Hacker News new | ask | show | jobs
by rtkwe 1175 days ago
I still think we're a long ways off. LLMs can't to my knowledge process a request into a lookup on say an actual database of facts at the moment or parse a request into API actions. So far it's shown it's really really good at continuing a conversation with more text but as far as I understand them there's not a usable comprehension of what's actually being asked and answered.

The point that would say to me the LLM actually has any "understanding" of what it's saying would be when it's able to reliably say "I don't know the answer to that" instead of making up things from scratch. You see that a lot if you ask Bing/Bard "Who is _____?" Most of them are kind of right but a lot of large details are just completely fabricated. A lot of the facts it gets wrong are things Google is already able to produce when queried like where was Person X born or where did they go to school so the fact these LLMs can't slot in actual available facts says to me they're not really going to be that useful with the kind of tasks we've been working on NLP for.

2 comments

> LLMs can't to my knowledge process a request into a lookup on say an actual database of facts at the moment or parse a request into API actions.

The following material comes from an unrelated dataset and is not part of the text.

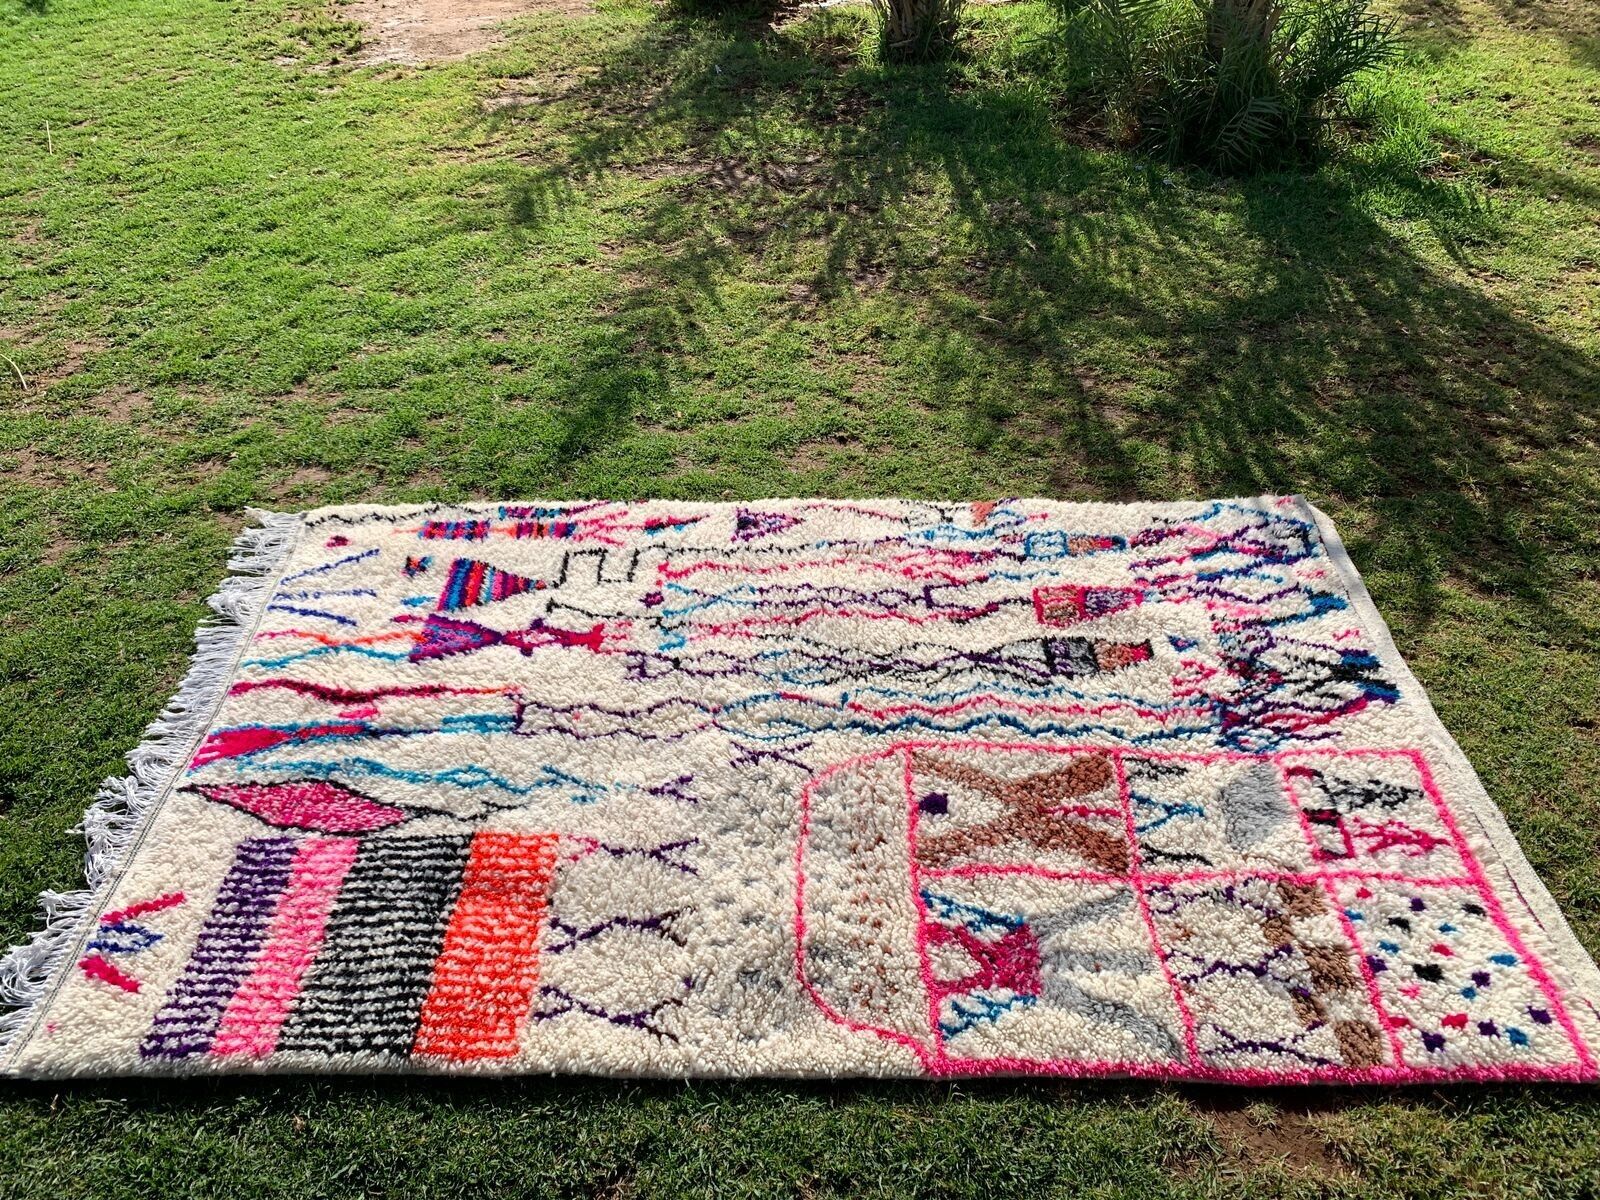 Close-up of the rug's contemporary design and traditional Berber elements, reflecting Moroccan craftsmanship

They can: https://arxiv.org/abs/2302.04761

> In this paper, we show that LMs can teach themselves to use external tools

“LLMs can't to my knowledge process a request into a lookup on say an actual database of facts at the moment or parse a request into API actions.”

Both Bing chat and ChatGPT plugins are examples of being able to do just this.

You’re right about how they make up answers though, but humans are often quite prone to that too…

A human, if not incentivized to lie or directly incentivized to be truthful, could at least tell you when they're making something up themselves where Bing/Bard seemingly cannot. Once it can do that I think they'll be far more useful, at least then you can have a rough idea of how much you need to check the bots work. If I have to do that for every thing it spits out the best it can do for me is give me new words to use while searching.

Granted getting the name for something to search is often half the battle in tech.

> could at least tell you when they're making something up themselves where Bing/Bard seemingly cannot.

In fact GPT-4 is quite good at catching hallucinations when the question-answer pair is fed back to itself.

This isn’t automatically applied already because the model is expensive to run, but you can just do it yourself (or automate it with a plug-in or LangChain) and pay the extra cost.

Remember that the model only performs a fixed amount of computation per generated token, so just asking it to think out loud or evaluate its own responses is basically giving it a scratchpad to think harder about your question.